Problem 1. In the plane, three distinct fleas with integer coordinates are given. At every tick of time, two fleas sitting at the points $P$ and $Q$ can jump to two vacant points $R$ and $S$, such that $PQRS$ is a square (in that order of vertices). If three initial coordinates of fleas are $(0, 0)$, $(2, 0)$ and $(4, 1)$, prove that fleas can never become collinear.
More generally, find the set of all possible values missed by $2S$, where $S$ is the area of a triangle spanned by three fleas.
I intended to proposed the first part of this problem to IMO, but it turns to be too complicated.
Comments. Let $\alpha, \beta, \gamma$ be side lengths of a lattice triangle, $a=(\beta^2+\gamma^2-\alpha^2)/2$, $b=(\gamma^2+\alpha^2-\beta^2)/2$, $c=(\alpha^2+\beta^2-\gamma^2)/2$, and $s=2S$ (we also keep track of the sign of $s$).
The relation between these integers is given by $s^2=ab+ac+bc$. The jump of two fleas translates into the language of quadruples $(s;a,b,c)$ as one of six transformations
$(s;a,b,c)\rightarrow (s+b+c;a+b+c+2s,b,c)$,
$(s;a,b,c)\rightarrow (s-b-c;a+b+c-2s,b,c)$,
and 4 cyclic ones. We start from the collection $(2; 8, 9, -4)$. With MAPLE I was able to calculate that, for example, only these values of $|s|\leq 20000$ can possibly be missed:
$0, 1, 4, 5, 9, 11, 16, 25, 29, 35, 41, 55, 60, 64, 65, 80, 89, 101, 109, 125, 171, 191, 229, 275, 295, 299, 301, 315, 316, 336, 365, 380, 405, 476, 589, 595, 624, 635, 671, 689, 1055, 1109, 1225, 1495, 1955, 2171, 2215, 2315, 2699, 2761, 5225, 7471, 7555, 11365, 14845.$
Yet, I was not able to advance any further. At the moment, I am still not able to rigorously demonstrate that the given three points can never become collinear. In other words, that $0$ is indeed a member of the above sequence.
Addition 1. The sequence written above is obtained by the following procedure. Computer calculates $g$ generations of these $6$ transformations. If we work with arrays, the total number of configurations in the $g$-th generation would be $6^g$. In MAPLE though, it is much faster to work with sets due to considerable overlap, as well as the fact some transformations take backwards. Thus, $10$ generations were calculated (it took several hours, but optimization is still possible in order to push this to $12$ or $13$ generations).
Second, consider, for example, an ordinary member $(s; a, b, c)=(-37; 9, 20, 41)$ of the third generation.
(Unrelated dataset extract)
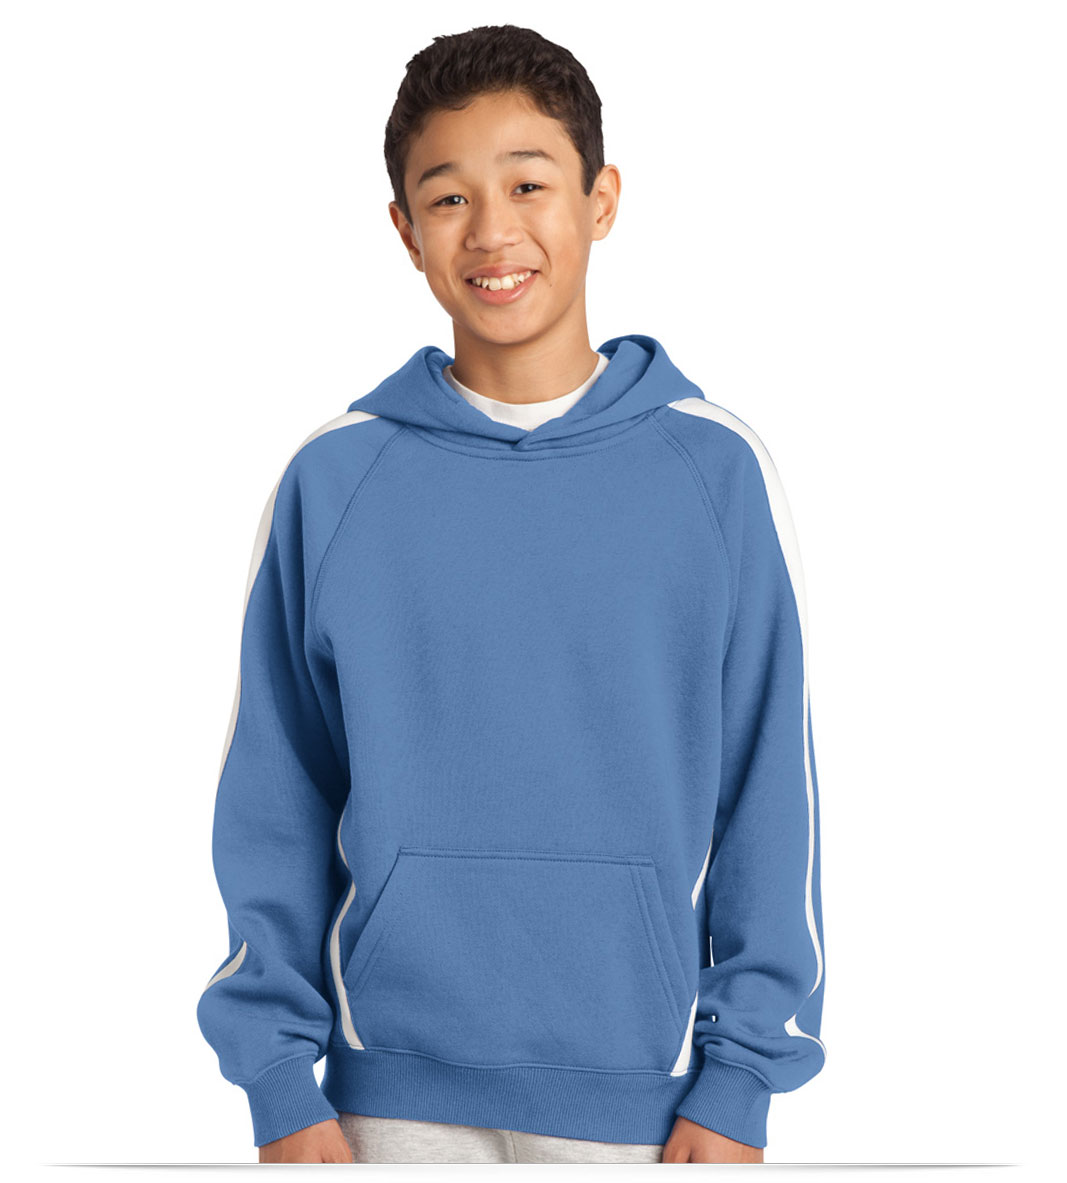 YUANXUAN Pewdiepie Custom Wavy Logo Hoodie Sweater for Youth Boys Girls

The transformations show that not only $s=-37$ is attainable value for $s$, but also all $s$ such that $s\equiv -37\equiv 21\text{ (mod }29)$, $s\equiv-37\equiv 13\text{ (mod }50)$, or $s\equiv -37\equiv 24\text{ (mod }61)$. We thus can filter out not only terms of the given generation, but all the corresponding arithmetic progressions.
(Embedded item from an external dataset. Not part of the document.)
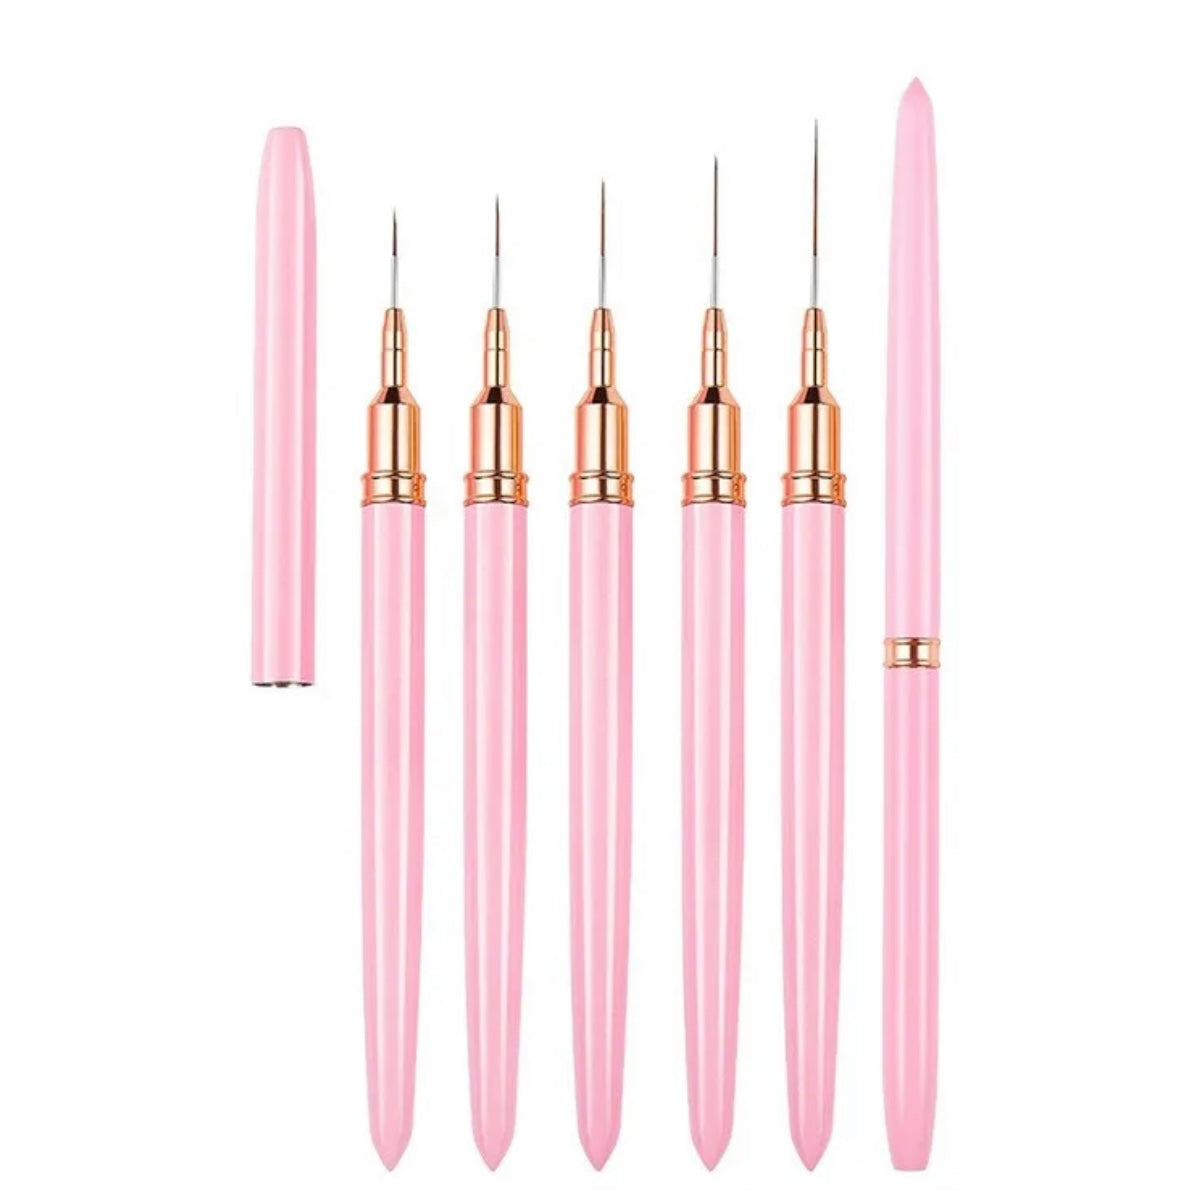 Pink Nail Art Brush - 20mm

And third, terms of the above sequence seem to stabilize rather quickly. For example, for $g\geq 7$ (it takes only several seconds to compute) all terms of the above sequence with terms $\leq 1000$ stabilize. It gives a true belief that $s=0$ is not possible, and that the majority of the numbers written are truly not possible values for $s$.
Addition 2 (a small progress). We may start from an even more compact triple of points, for which the answer is not trivial. In particular, consider $(0,0)$, $(2,1)$ and $(3,2)$ (the diameter is $\sqrt{13}$, as compared to $\sqrt{17}$ for the initial example). This corresponds to the quadruple $(s; a,b,c)=$ $(1; -3,5,8)$. We calculate also $10$ generations. All missed $s$ are even, and the list of missed $S=s/2\leq 1000$ is as follows:
$0, 1, 4, 5, 9, 16, 25, 29, 36, 49, 64, 80, 81, 99, 100, 121, 144, 169, 179, 196, 225, 256, 289, 324, 361, 400, 441, 484, 529, 576, 625, 676, 729, 784, 841, 900, 961.$
But these are exactly integer squares, apart from five sporadic terms $5, 29, 80, 99, 179$.
Problem 2. Prove that, if we start from the points $(0,0)$, $(2,1)$ and $(3,2)$, then three fleas never span a triangle of area $N^2$, $N\in\mathbb{N}\cup\{0\}$.
It is not clear will sporadic values will eventually filter out, or these are truly sporadic ones.